In 2017, only three Giants — the since-departed Damon Harrison, Landon Collins and Olivier Vernon — kneeled during the anthem. Three years later, the Giants’ biggest star, Saquon Barkley, stood.
“We came to an agreement as a team that it’s your right to make your own decision,” Barkley said. “For me, I respect everyone that kneeled and I respect everything that is going on, but I wanted to continue to fall back on what I’m able to do in my community and try to be a leader in that aspect and try to make change that way.”
The Giants stood spread across the goal line during the playing of “Lift Every Voice and Sing” about 25 minutes before kickoff. Lorenzo Carter, one of the most outspoken Giants on racism, was in tears as the team returned to the locker room.
A video simultaneously played on the stadium big screens showing highlights of players’ community service work involved in the #TogetherBlue campaign to address areas such as poverty, homelessness, education, substance abuse, criminal justice and police-community relations.
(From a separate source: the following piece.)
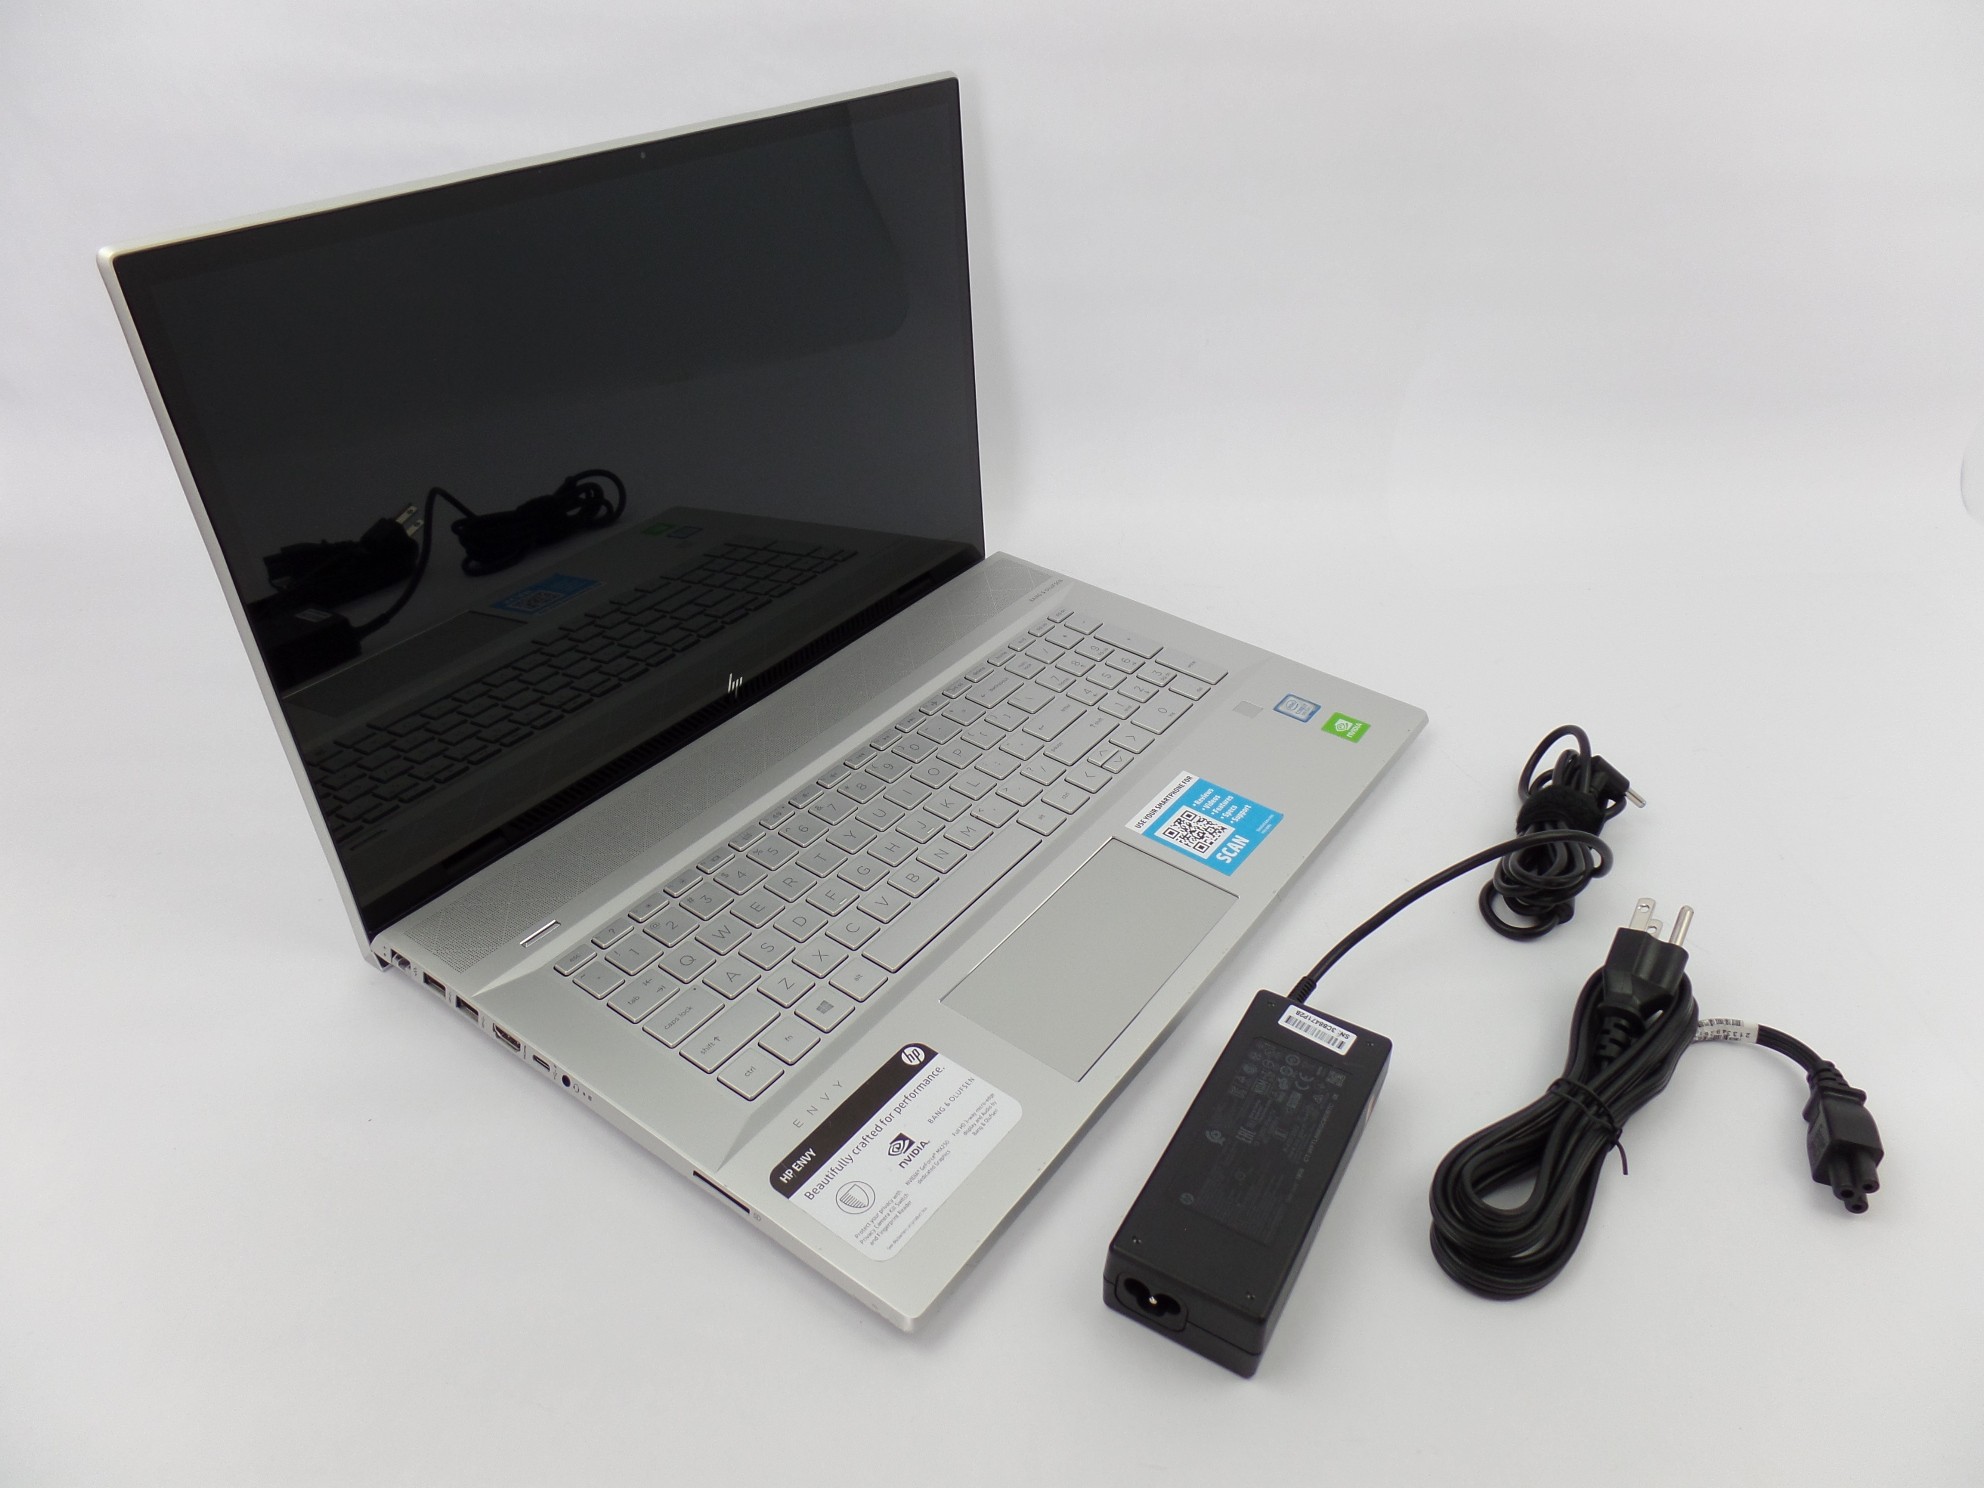 HP ENVY 17m-ce0013dx 17.3" FHD Touch i7-8565U 12GB 512GB SSD MX250 W10H Laptop U

The Steelers remained in the locker room during that moment.
“We’ve had a number of discussions as a team leading up to this week and dating back to the spring,” quarterback Daniel Jones said. “That was the way we felt the most appropriate to go about it.”
Hours before kickoff, several Giants, including quarterback Daniel Jones, warmed up in black T-shirts that read “Injustice against one of us is injustice against all of us” on the front and “End Racism” on the back. They were designed by former Giants captain Michael Thomas, now a safety for the Houston Texans.